When Ether is sent to the Bancor smart contract, it is “added to BNTs reserves, new BNT is minted for the buyer, and both the supply and price of BNT rises according to the Bancor protocol formula,” Benartzi explained.

The value of BNT is based on the protocol behind it, which creates an ecosystem allowing digital currencies such as Ether or Bitcoin to be exchanged and used as legitimate currencies.

“Bitcoin’s primary purpose is to be a medium of exchange—a currency. Ether’s primary purpose is to be the fuel that DAaps and smart contracts use on the Ethereum network. BNT’s primary purpose is to create a network of fully liquid smart tokens,” said Benartzi.

She added, “These may be community and local currencies all over the world, business loyalty points, project tokens and new types of value networks that the Bancor Network ecosystem will enable.”

Bancor’s vision—the so-called “democratization of currencies”—is to enable the instant, automated and direct exchange of various stores of value such as national currencies, business loyalty points and user-created currencies. These stores of value, many of which previously had no use outside of their respective communities, would become usable forms of currency.

“The inspiration for Bancor,” Benartzi said, “came from a Keynesian proposal at the end of World War II, when the British suggested a supranational currency (called the Bancor) to facilitate global trade without favoring a specific nation.”

“As the world moves into its next era of geopolitical organization, and cryptocurrencies improve in adoption, security and stability, we can imagine a new financial world order which is based on algorithmically ensured balance rather than politics,” she said. “You can think of this like automating central banks according to transparent and immutable formulas.”

The groundbreaking project has attracted economic titans to join its advisory team, including Bernard Lietaer, co-designer of the Euro, and American billionaire and venture capitalist Tim Draper.

In addition to serving as a decentralized point of exchange, Bancor enables users to create a new type of digital currency called a “smart token,” which can be traded for other cryptocurrencies.

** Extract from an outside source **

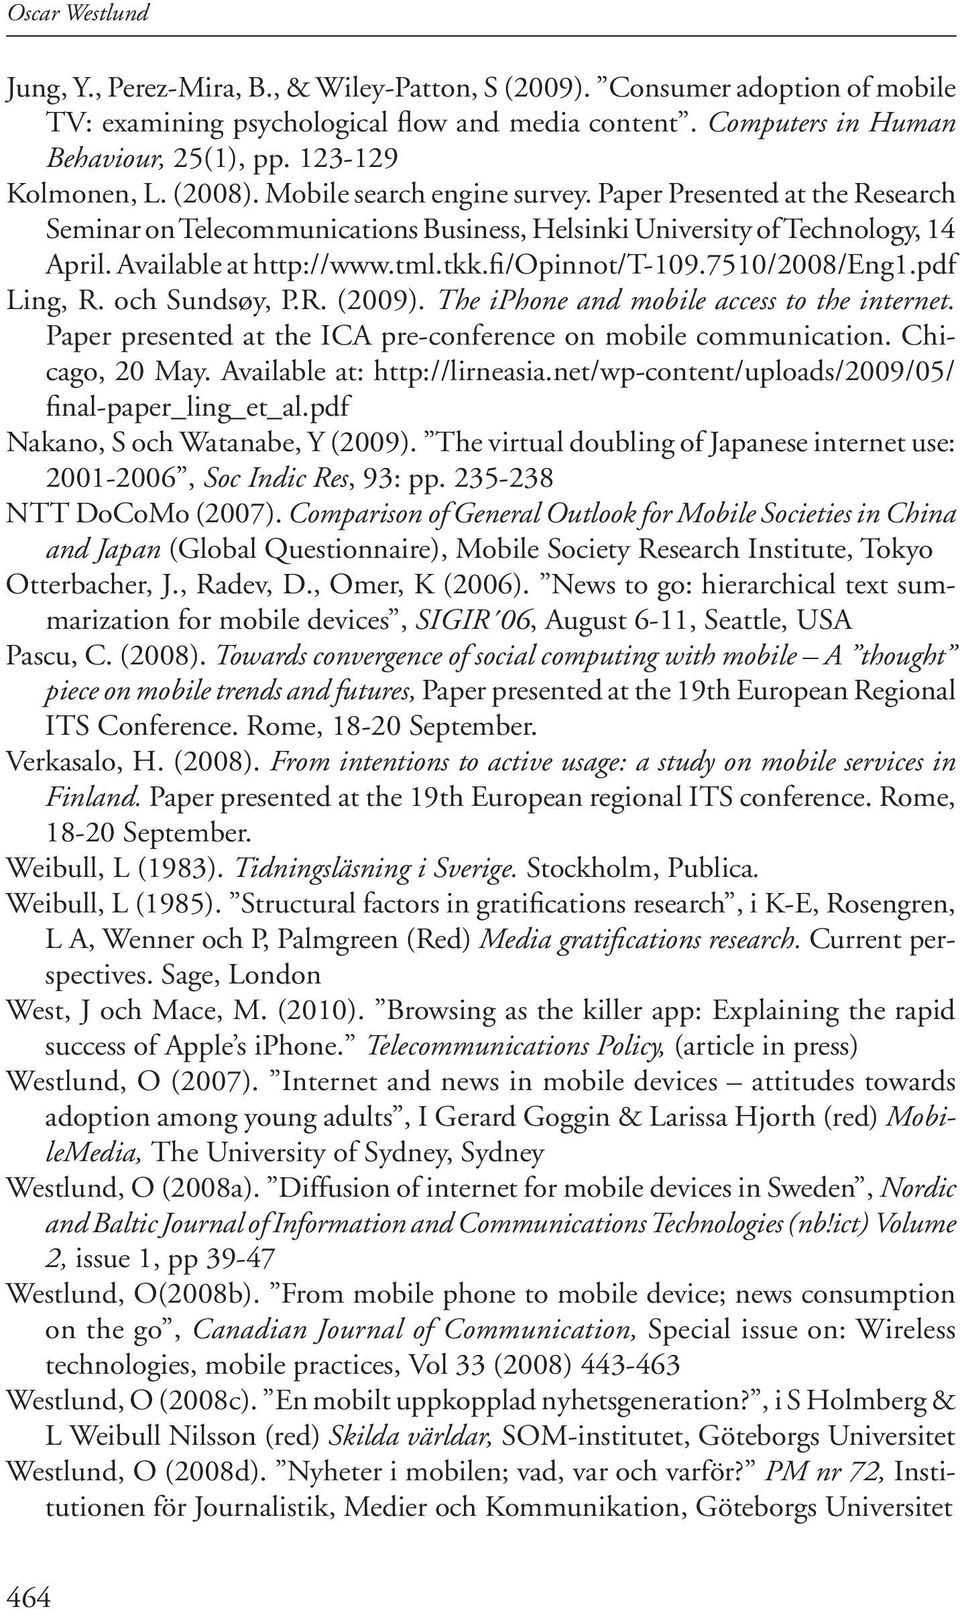 tml.tkk.fi/opinnot/t-109.7510/2008/eng1.pdf Ling, R. och Sundsøy, P.R. (2009). The iphone and mobile access to the internet. Paper presented at the ICA pre-conference on mobile communication.

“One year from now the Bancor Network will encompass a wide plethora of smart tokens, both user-generated and created by us and other companies…our network of token-changers will be the most efficient and low-cost method of exchanging cryptocurrencies directly with each other, independent of exchanges,” Benartzi said.

Bancor has plans to make its seemingly complex technology go mainstream by launching what Benartzi described as a “dead simple online interface”—available on desktop and mobile devices—“for easily creating a smart token for your community or project.” The interface is set to be ready by the end of this year.